4. Memberikan Supervisi pendidikan
Supervisi merupakan upaya yang diberikan supervisor untuk membantu
guru dalam menigkatkan kompetensinya. Hal inilah yang harus menjadi
perhatian utama bagi supervisor dan pengawas sekolah. Guru yang
memiliki kompetensi yang rendah harus diberikan supervisi yang tepat dan
dilakukan secara kontinue.

BAB III
PENUTUP
A. Kesimpulan
Berdasarkan observasi mini yang penulis lakukan maka dapat
disimpulkan :

1. Belum ada upaya yang serius yang dilakukan oleh Kepalas Sekolah dalam
melakukan supervisi yang baik.
2. Supervisi belum dijalankan dengan baik.
3. Supervisi tidak berjalan dengan baik juga disebabkan oleh kemauan guru
yang kurang dalam meningkatkan kompetensi diri.
4. Kendala yang dihadapi dalam menjalankan supervisi adalah kurangnya
kesadaran kepala sekolah dan guru tentang konsep supervisi pembelajaran
khususnya, dan supervisi pendidikan umumnya.
B. Saran
Adapun saran yang dapat penulis berikan adalah :
1. Kepada Kepala Dinas Pendidikan Kota padang agar serius mengawasi
pekerjaan bawahan, dan memberikan sanksi kepada oknum yang sengaja
melalaikan tugasnya.
2. Pengawas sekolah yang ditugaskan secara fungsional lebih serius dalam
menjalankan tugasnya sebagai pengawas sekolah.

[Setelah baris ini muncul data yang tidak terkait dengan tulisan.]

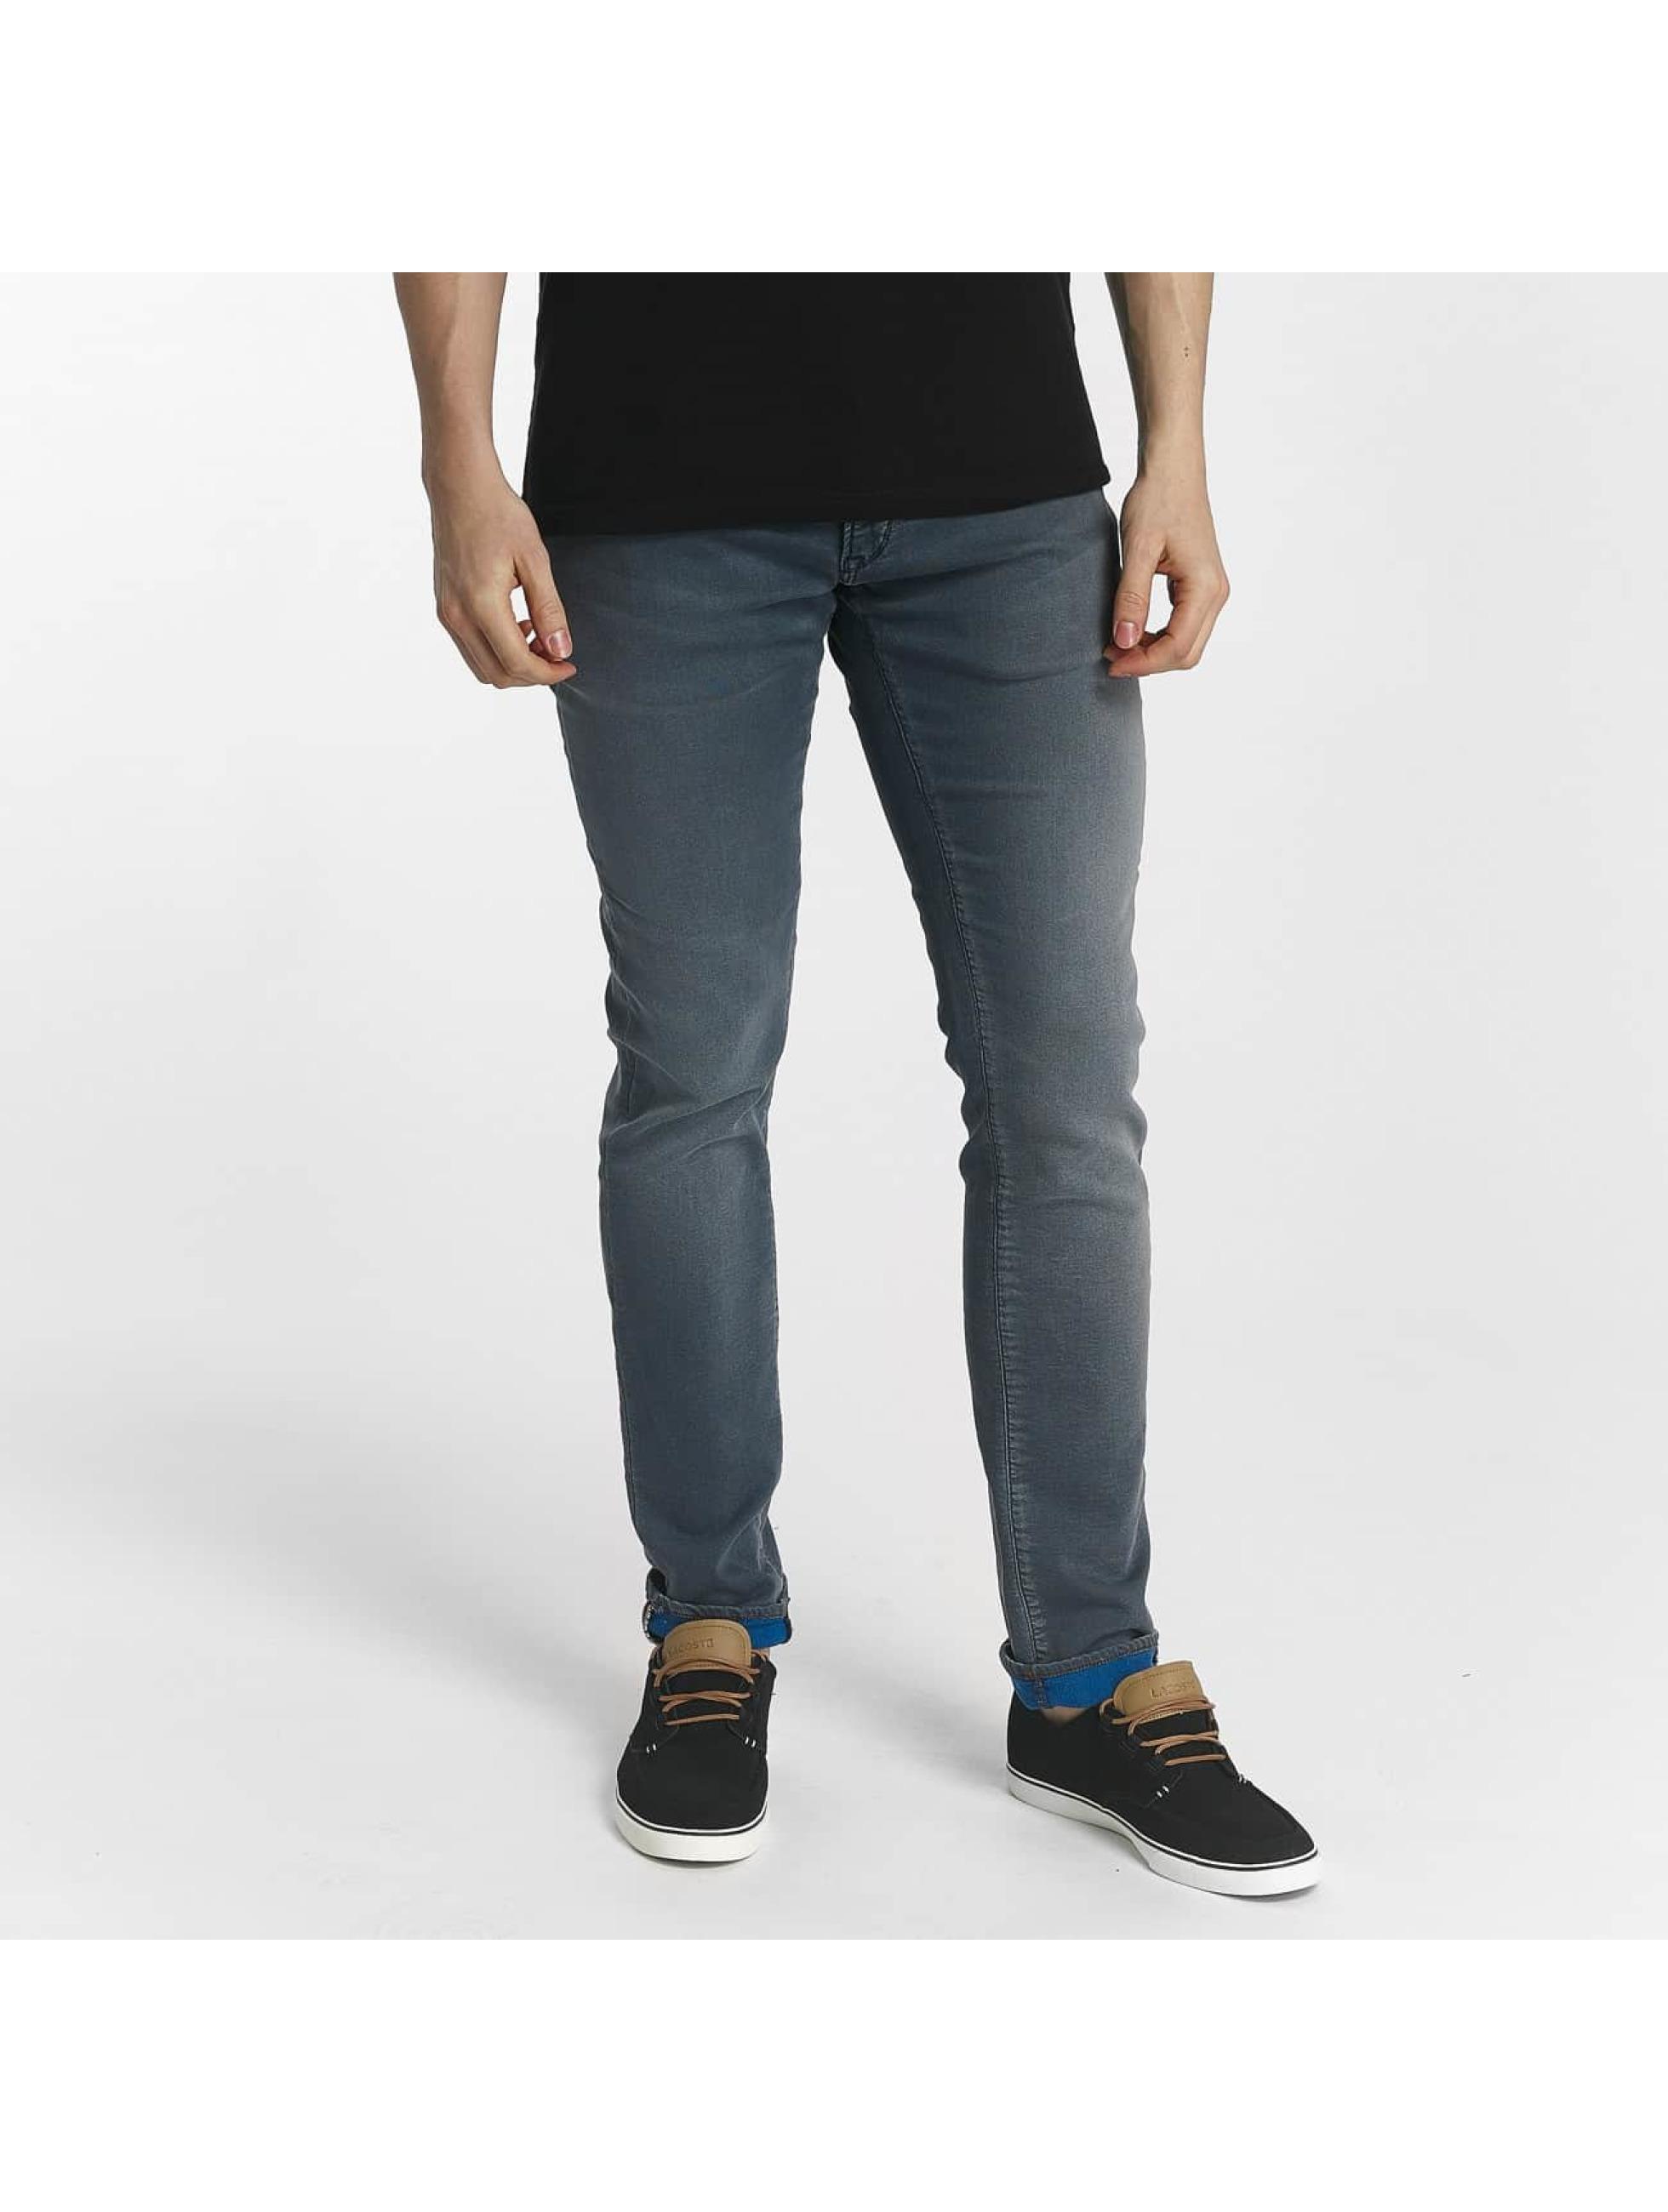 Le Temps Des Cerises Slim Fit Jeans 700/11 Jogg grå

3. Kepada kepala sekolah agar dapat menjalankan program supervisi yang
telah dirancang, sehingga dapat diketahui kompetensi apa yang harus
diperbaiki pada masing-masing guru.
4. Kepada guru yang disupervisi agar bersedia dan berkomitmen untuk
mengikuti program supervisi, karena garda terdepan dalam meningkatkan
kualitas murid disekolah nerada ditangan guru tersebut.